■ **Work task**
Quote these lines exactly: the one that holds "Cosmic Dust - Photoshop Text Effects" and every line after it to the end of the material below. Skip pictures.

■ **Given material**
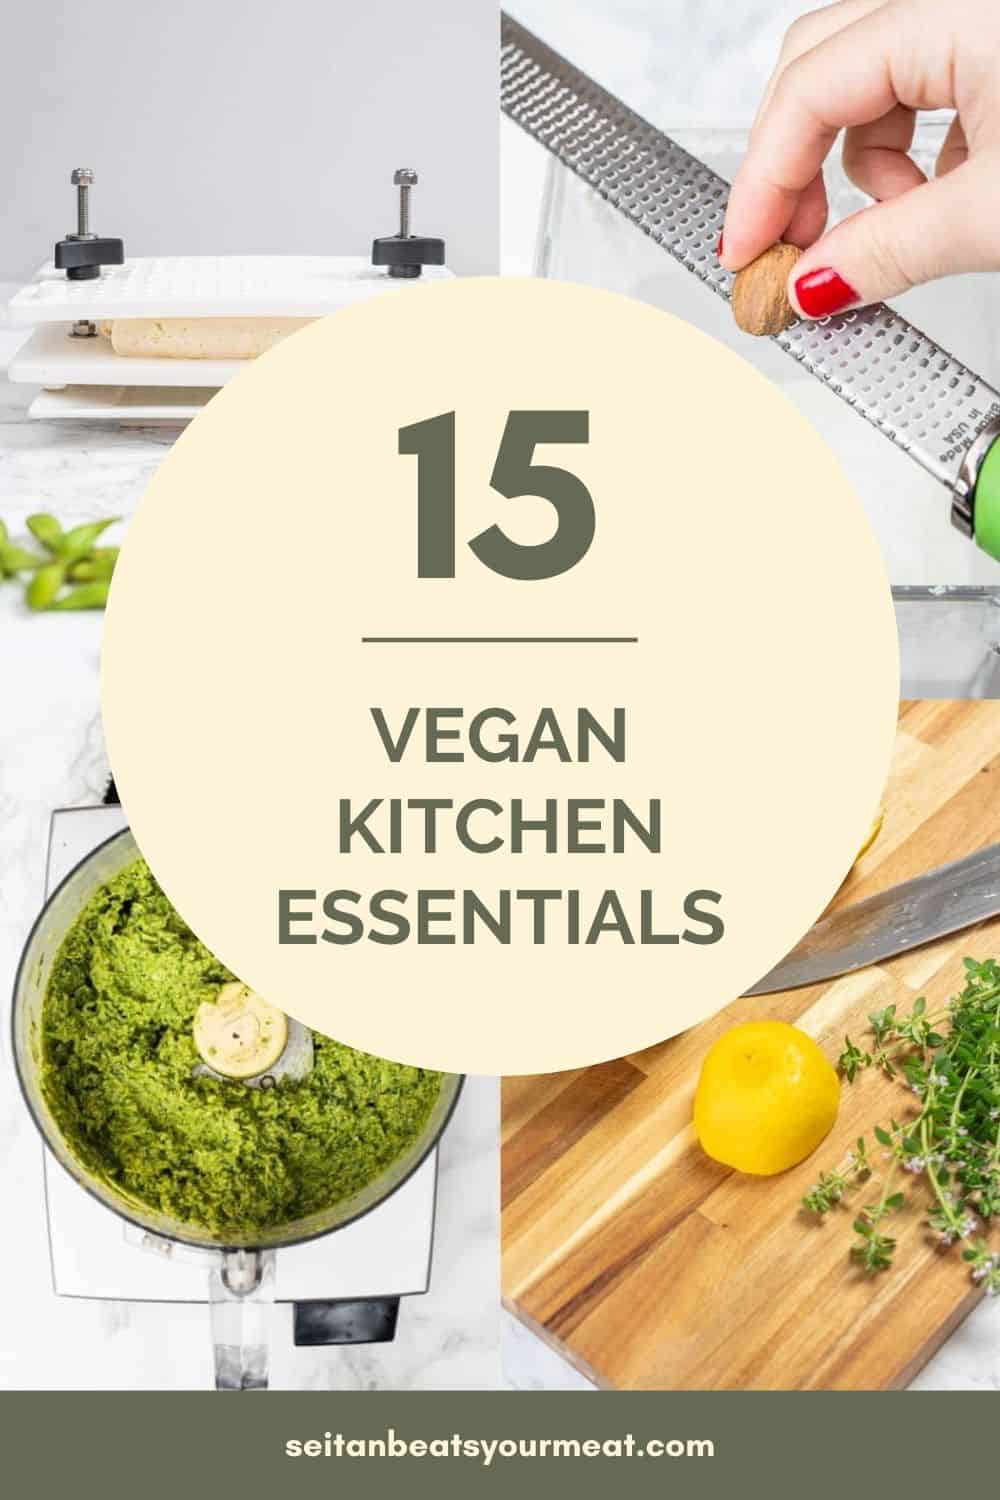 11 Essential Kitchen Tools For The Preparation of Raw And Vegan
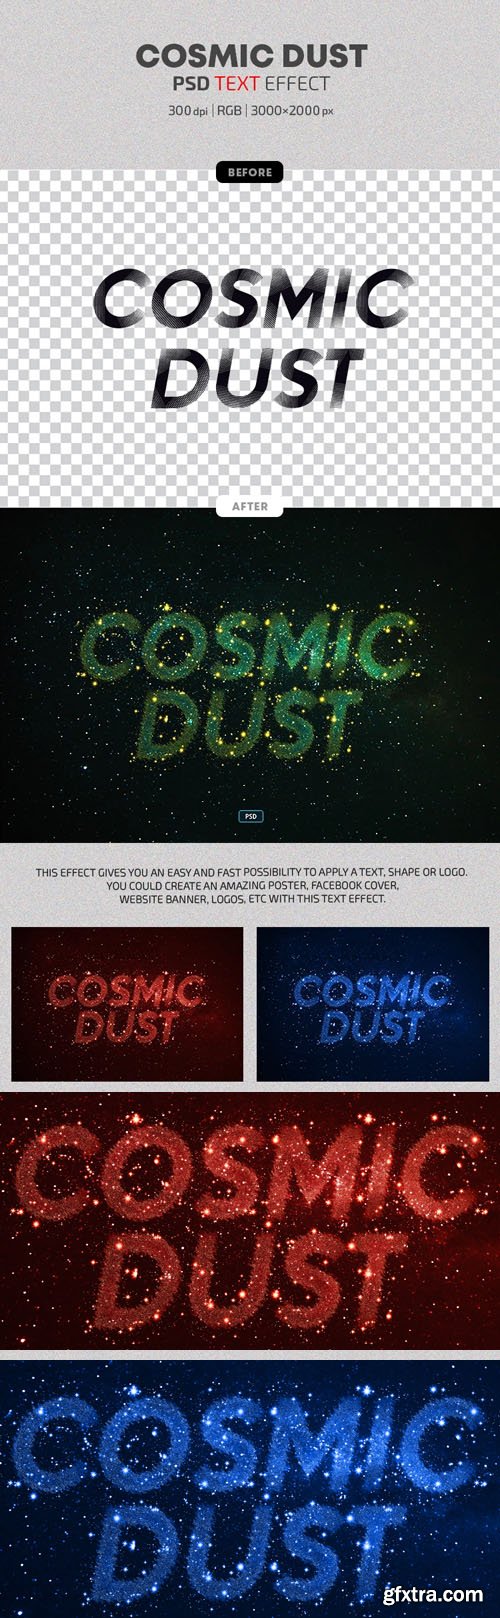 Cosmic Dust - Photoshop Text Effects
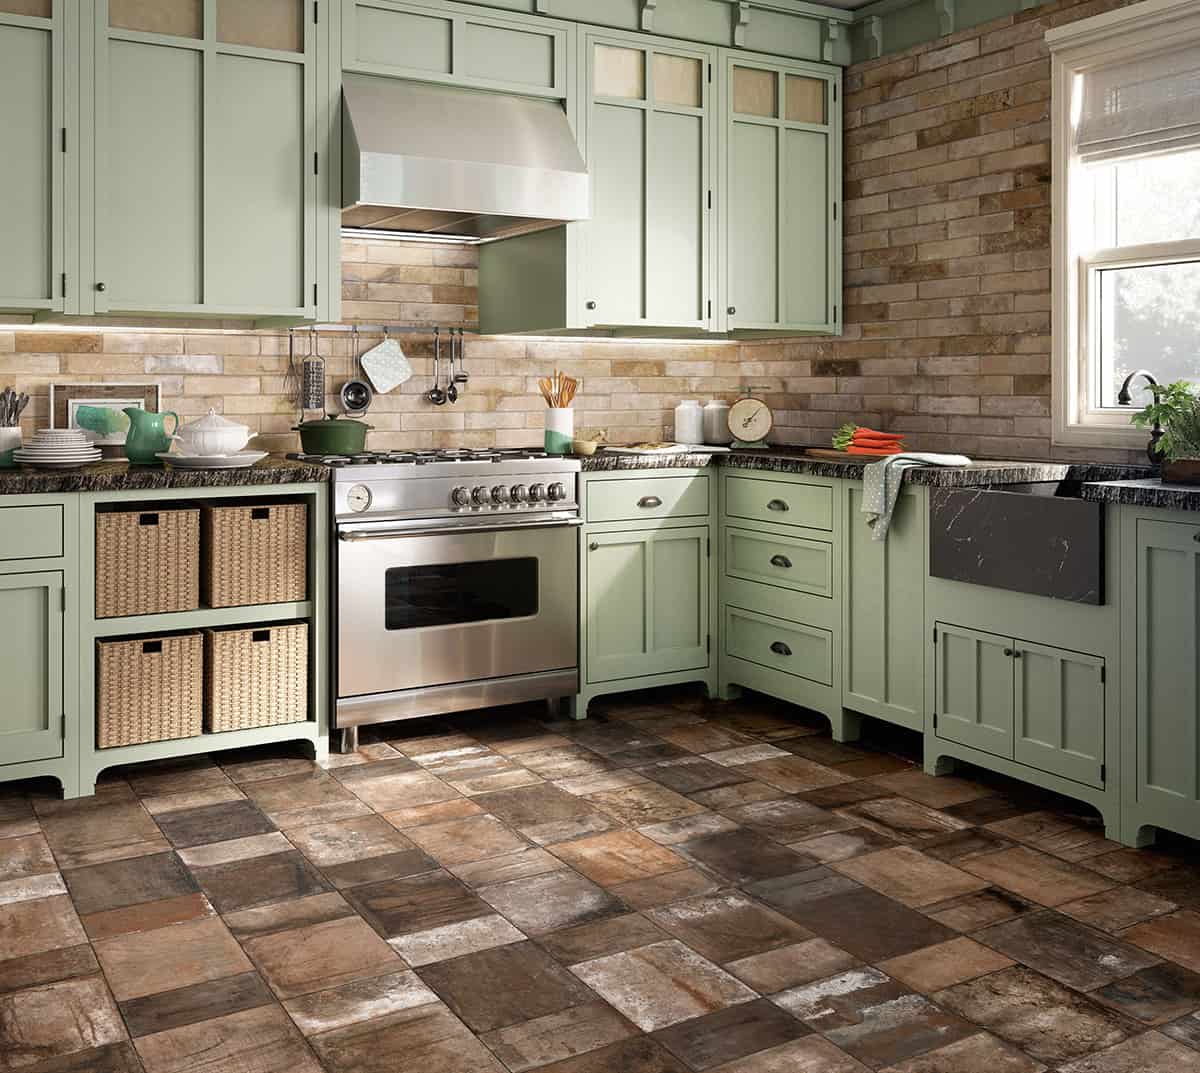 25 Beautiful Tile Flooring Ideas for Living Room, Kitchen and Bathroom Designs
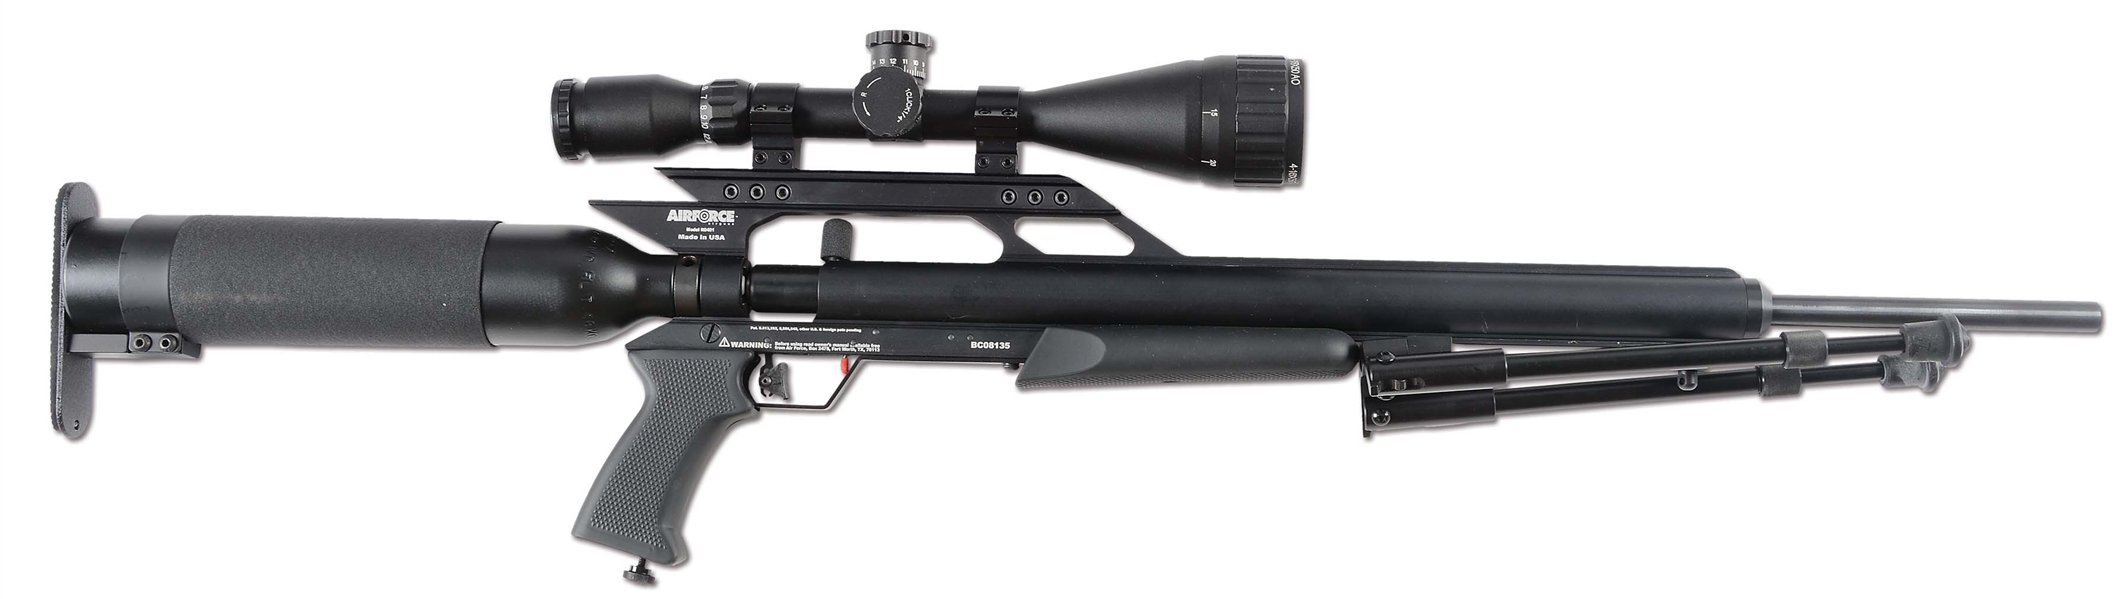 AIRFORCE ULTIMATE CONDOR COMBO AIR RIFLE

■ **Reply**
 Cosmic Dust - Photoshop Text Effects
 25 Beautiful Tile Flooring Ideas for Living Room, Kitchen and Bathroom Designs
 AIRFORCE ULTIMATE CONDOR COMBO AIR RIFLE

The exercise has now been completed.